** PROVIDED DATA follows **

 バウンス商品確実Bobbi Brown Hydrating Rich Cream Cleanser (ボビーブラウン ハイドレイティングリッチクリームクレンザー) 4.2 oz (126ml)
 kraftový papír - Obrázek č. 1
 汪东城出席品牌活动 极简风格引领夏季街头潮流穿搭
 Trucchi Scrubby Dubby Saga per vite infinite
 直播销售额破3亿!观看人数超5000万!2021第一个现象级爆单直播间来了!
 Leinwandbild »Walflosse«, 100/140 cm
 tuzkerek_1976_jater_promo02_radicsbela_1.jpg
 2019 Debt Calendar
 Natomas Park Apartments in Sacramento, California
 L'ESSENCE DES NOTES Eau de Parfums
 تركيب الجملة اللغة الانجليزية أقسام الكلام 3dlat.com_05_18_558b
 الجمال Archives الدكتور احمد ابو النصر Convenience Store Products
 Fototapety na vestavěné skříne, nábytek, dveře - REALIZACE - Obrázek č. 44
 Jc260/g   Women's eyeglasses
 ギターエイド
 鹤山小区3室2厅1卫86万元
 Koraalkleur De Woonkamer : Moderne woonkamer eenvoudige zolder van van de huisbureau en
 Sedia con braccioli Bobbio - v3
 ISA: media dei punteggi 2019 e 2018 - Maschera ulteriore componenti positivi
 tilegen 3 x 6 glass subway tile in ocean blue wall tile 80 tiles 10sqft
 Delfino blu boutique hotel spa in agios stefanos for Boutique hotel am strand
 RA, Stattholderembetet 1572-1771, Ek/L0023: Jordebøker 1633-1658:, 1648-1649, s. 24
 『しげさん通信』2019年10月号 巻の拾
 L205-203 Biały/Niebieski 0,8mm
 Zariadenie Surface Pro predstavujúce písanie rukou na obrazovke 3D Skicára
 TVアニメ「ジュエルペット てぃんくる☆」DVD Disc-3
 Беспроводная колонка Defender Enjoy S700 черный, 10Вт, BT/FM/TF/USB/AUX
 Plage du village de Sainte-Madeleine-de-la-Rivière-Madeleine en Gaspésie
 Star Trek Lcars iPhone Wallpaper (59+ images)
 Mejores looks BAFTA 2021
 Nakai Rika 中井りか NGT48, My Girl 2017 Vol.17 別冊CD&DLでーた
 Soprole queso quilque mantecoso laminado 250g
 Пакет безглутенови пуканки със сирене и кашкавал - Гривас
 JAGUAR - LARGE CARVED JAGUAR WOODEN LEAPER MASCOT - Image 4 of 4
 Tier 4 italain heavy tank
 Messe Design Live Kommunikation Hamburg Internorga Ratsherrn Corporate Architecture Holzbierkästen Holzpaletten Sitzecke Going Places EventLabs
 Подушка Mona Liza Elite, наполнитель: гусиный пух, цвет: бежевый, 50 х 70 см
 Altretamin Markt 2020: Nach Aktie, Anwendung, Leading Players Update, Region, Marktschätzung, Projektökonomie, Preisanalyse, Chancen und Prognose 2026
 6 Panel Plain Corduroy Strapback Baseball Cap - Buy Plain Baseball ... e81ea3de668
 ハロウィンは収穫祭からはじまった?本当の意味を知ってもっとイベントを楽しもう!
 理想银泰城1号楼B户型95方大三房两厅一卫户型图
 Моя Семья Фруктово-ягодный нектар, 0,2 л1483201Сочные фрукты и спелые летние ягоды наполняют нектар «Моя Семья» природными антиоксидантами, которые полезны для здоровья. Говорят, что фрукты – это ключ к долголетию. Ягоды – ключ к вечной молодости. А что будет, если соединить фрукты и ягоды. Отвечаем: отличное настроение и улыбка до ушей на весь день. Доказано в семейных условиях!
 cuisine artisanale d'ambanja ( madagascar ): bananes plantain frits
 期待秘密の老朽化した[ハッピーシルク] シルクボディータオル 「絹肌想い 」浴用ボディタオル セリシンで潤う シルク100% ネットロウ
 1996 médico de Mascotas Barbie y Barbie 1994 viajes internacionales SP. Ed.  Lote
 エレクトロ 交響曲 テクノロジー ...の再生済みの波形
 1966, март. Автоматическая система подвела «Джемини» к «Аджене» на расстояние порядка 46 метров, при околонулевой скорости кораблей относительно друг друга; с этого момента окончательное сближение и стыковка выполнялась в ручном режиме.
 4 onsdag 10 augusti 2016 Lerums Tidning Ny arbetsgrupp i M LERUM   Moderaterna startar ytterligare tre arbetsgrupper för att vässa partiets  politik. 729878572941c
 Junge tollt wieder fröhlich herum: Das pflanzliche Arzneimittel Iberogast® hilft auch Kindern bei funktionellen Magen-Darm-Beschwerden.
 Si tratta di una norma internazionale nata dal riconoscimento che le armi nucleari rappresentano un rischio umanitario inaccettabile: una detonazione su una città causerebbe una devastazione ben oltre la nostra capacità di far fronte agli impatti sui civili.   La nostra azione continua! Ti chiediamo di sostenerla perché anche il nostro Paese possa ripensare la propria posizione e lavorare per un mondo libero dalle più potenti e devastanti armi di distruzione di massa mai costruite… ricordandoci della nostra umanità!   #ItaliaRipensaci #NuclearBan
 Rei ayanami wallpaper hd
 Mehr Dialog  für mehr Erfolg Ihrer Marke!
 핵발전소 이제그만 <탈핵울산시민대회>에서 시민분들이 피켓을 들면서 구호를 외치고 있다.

** End of PROVIDED DATA **

All lines from the first line of the listing above through the line containing "Nakai Rika 中井りか" are to be retyped exactly. Leave out any other line.

 バウンス商品確実Bobbi Brown Hydrating Rich Cream Cleanser (ボビーブラウン ハイドレイティングリッチクリームクレンザー) 4.2 oz (126ml)
 kraftový papír - Obrázek č. 1
 汪东城出席品牌活动 极简风格引领夏季街头潮流穿搭
 Trucchi Scrubby Dubby Saga per vite infinite
 直播销售额破3亿!观看人数超5000万!2021第一个现象级爆单直播间来了!
 Leinwandbild »Walflosse«, 100/140 cm
 tuzkerek_1976_jater_promo02_radicsbela_1.jpg
 2019 Debt Calendar
 Natomas Park Apartments in Sacramento, California
 L'ESSENCE DES NOTES Eau de Parfums
 تركيب الجملة اللغة الانجليزية أقسام الكلام 3dlat.com_05_18_558b
 الجمال Archives الدكتور احمد ابو النصر Convenience Store Products
 Fototapety na vestavěné skříne, nábytek, dveře - REALIZACE - Obrázek č. 44
 Jc260/g   Women's eyeglasses
 ギターエイド
 鹤山小区3室2厅1卫86万元
 Koraalkleur De Woonkamer : Moderne woonkamer eenvoudige zolder van van de huisbureau en
 Sedia con braccioli Bobbio - v3
 ISA: media dei punteggi 2019 e 2018 - Maschera ulteriore componenti positivi
 tilegen 3 x 6 glass subway tile in ocean blue wall tile 80 tiles 10sqft
 Delfino blu boutique hotel spa in agios stefanos for Boutique hotel am strand
 RA, Stattholderembetet 1572-1771, Ek/L0023: Jordebøker 1633-1658:, 1648-1649, s. 24
 『しげさん通信』2019年10月号 巻の拾
 L205-203 Biały/Niebieski 0,8mm
 Zariadenie Surface Pro predstavujúce písanie rukou na obrazovke 3D Skicára
 TVアニメ「ジュエルペット てぃんくる☆」DVD Disc-3
 Беспроводная колонка Defender Enjoy S700 черный, 10Вт, BT/FM/TF/USB/AUX
 Plage du village de Sainte-Madeleine-de-la-Rivière-Madeleine en Gaspésie
 Star Trek Lcars iPhone Wallpaper (59+ images)
 Mejores looks BAFTA 2021
 Nakai Rika 中井りか NGT48, My Girl 2017 Vol.17 別冊CD&DLでーた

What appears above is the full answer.